Courgette and pea pasta recipe

99 ratings

Jamie Oliver says, "Tearing up lasagne sheets gives you super silky pasta, which is delicious with courgettes and peas. I’m holding back a little cooking water to emulsify with the cheese and create a beautiful creamy sauce. You should definitely try this at home!" See method

  • Serves 4
  • 5 mins to prepare and 15 mins to cook
  • 262 calories / serving
  • Healthy


  • 2 garlic cloves
  • 2 courgettes
  • 1 tbsp olive oil
  • ½ tsp dried crushed chillies (optional)
  • 250g fresh lasagne sheets
  • 160g fresh garden peas (or frozen)
  • ½ a bunch of fresh mint (15g)
  • 50g Parmigiano Reggiano
  • 1 lemon
  • extra virgin olive oil
Source of protein, which supports the maintenance of muscle mass

Each serving contains

  • Energy

  • Fat

    11g 16%
  • Saturates

    5g 23%
  • Sugars

    4g 4%
  • Salt

    0.8g 13%

of the reference intake
Carbohydrate 27.3g Protein 13.7g Fibre 13.7g


JO 155x255
  1. Bring a large pan of salted water to the boil.
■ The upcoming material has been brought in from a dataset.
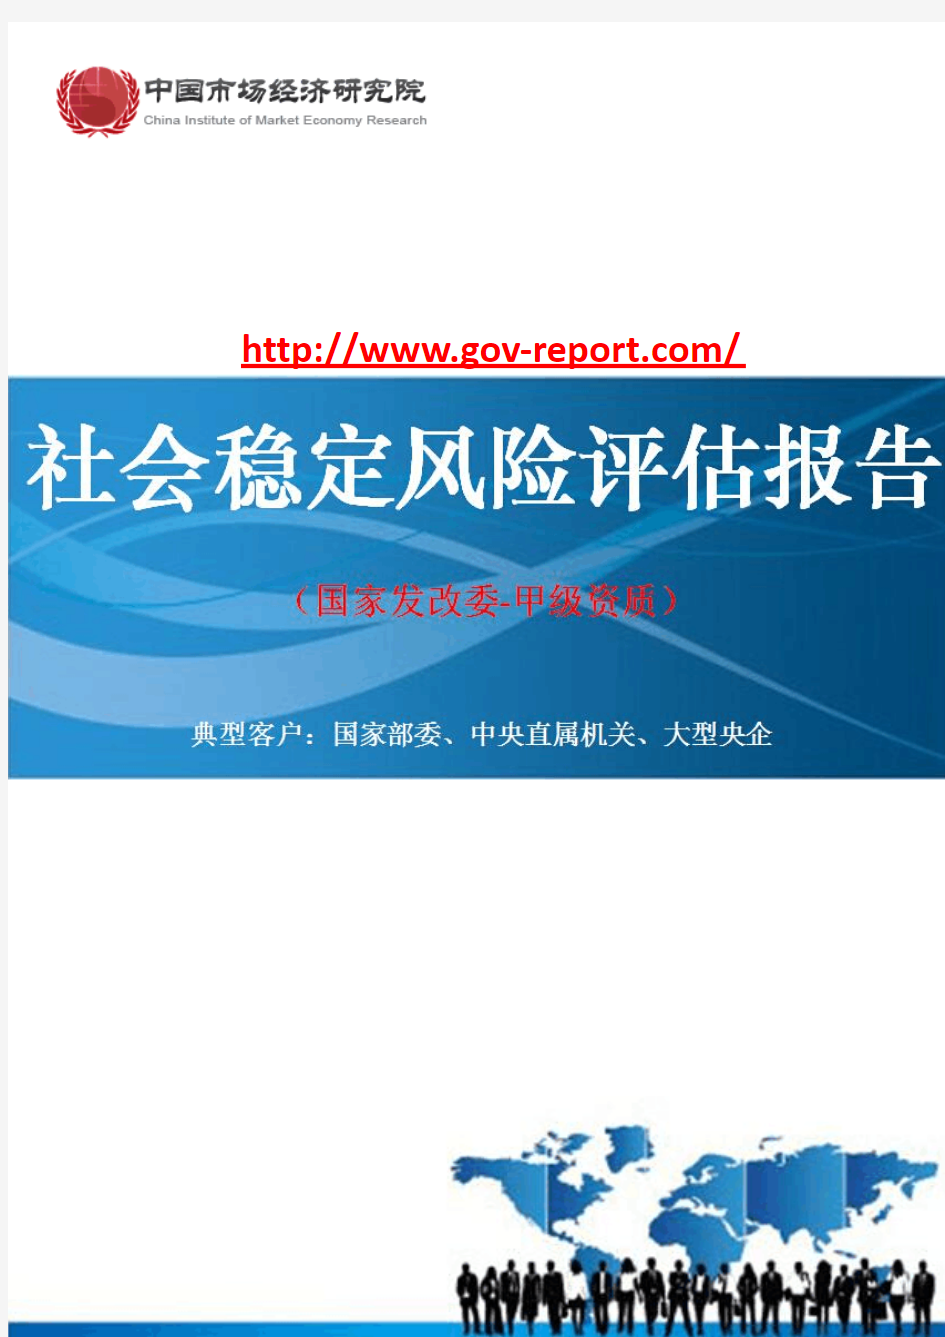 热电(2×35万千瓦)扩建工程项目社会稳定风险评估报告(中国市场经济研究院-工程咨询-甲级资质)

Peel and finely slice the garlic; trim and halve the courgettes lengthways, then slice into half-moons.
  2. Place a large non-stick frying pan over a medium heat with the olive oil. Add the garlic and chilli flakes (if using), cook for 1 min, then add the courgettes and a pinch of sea salt and black pepper. Cook for 10 mins, or until golden and softened, stirring occasionally.
  3. Roughly tear the lasagne sheets and drop into the boiling water along with the peas. Cook for 2 mins, then drain, reserving a mugful of pasta water.
  4. Toss the drained pasta and peas into the courgette pan with a good splash of pasta water. Tear in the mint leaves, then finely grate in most of the Parmesan. Add another splash of pasta water, then squeeze in all the lemon juice; toss well, then taste and season to perfection.
  5. Dish up, finely grate over the remaining Parmesan and drizzle with extra-virgin olive oil, before tucking in.